DETAILED DESCRIPTION OF THE INVENTION [Field of Industrial Application] The present invention relates to an electrophotographic photoreceptor, and more particularly, to an improved electrophotographic photoreceptor.
The present invention relates to an electrophotographic photoreceptor having a low-molecular organic photoconductor that provides fc electrophotographic properties.

[Conventional technology]

Conventionally, inorganic photoconductive materials such as selenium, cadmium sulfide, and zinc oxide are known as photoconductive materials used in electrophotographic photoreceptors. These photoconductive materials have many advantages, such as being able to be charged to an appropriate potential in the dark, having little charge dissipation in the dark, and quickly dissipating all charge when exposed to light or light. Although it has advantages, it also has various disadvantages. The problem is that selenium-based photoreceptors easily crystallize due to factors such as temperature, humidity, dirt, and pressure.
In particular, when the ambient temperature exceeds 40° C., crystallization becomes significant, resulting in drawbacks such as a decrease in chargeability and the appearance of white spots on images. Cadmium sulfide photoreceptors are stable in humid environments and do not exhibit friendly sensitivity, and zinc oxide photoreceptors require the sensitizing effect of sensitizing dyes such as rose bengal. The sensitizing dye suffers charging deterioration due to corona charging and photobleaching due to exposure light, so it has the disadvantage that it is not stable for a long period of time and cannot provide subsequent images.

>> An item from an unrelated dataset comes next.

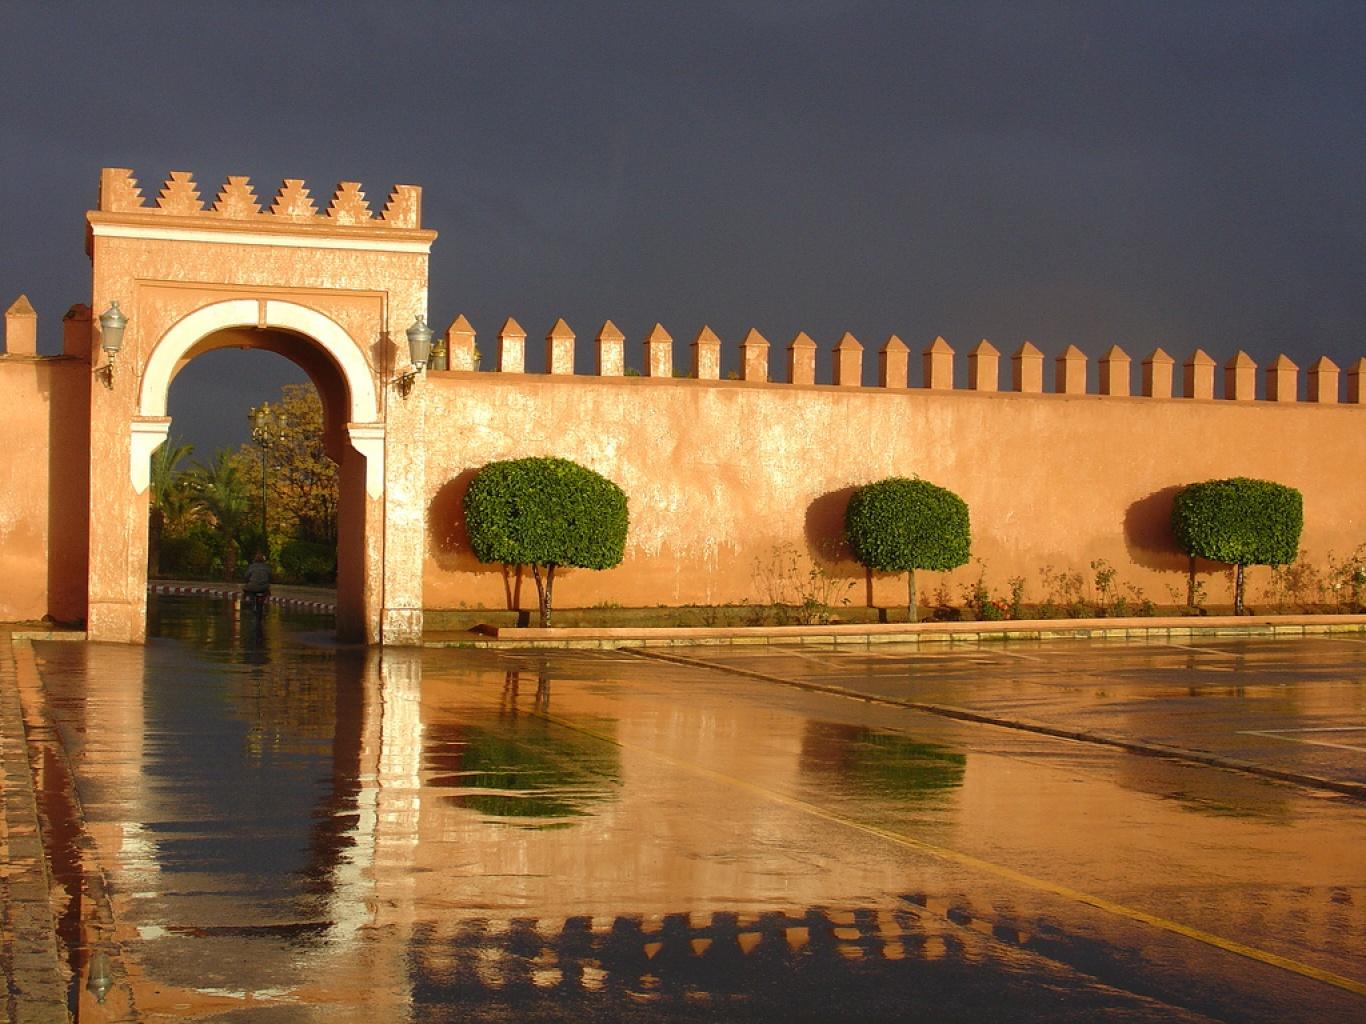 1366_1269645946_muros-medina-marrakech-marruecos

On the other hand, six organic photoconductive polymers including polyvinylcarbazole have been proposed, but these polymers are superior in terms of film formability and light weight compared to the inorganic photoconductive materials mentioned above. However, it has been difficult to put them into practical use to date, and the reason for this is that sufficient film-forming properties have not yet been obtained, and inorganic photoconductive materials have been lacking in terms of sensitivity, durability, and stability against environmental changes. It was an inferior rounding.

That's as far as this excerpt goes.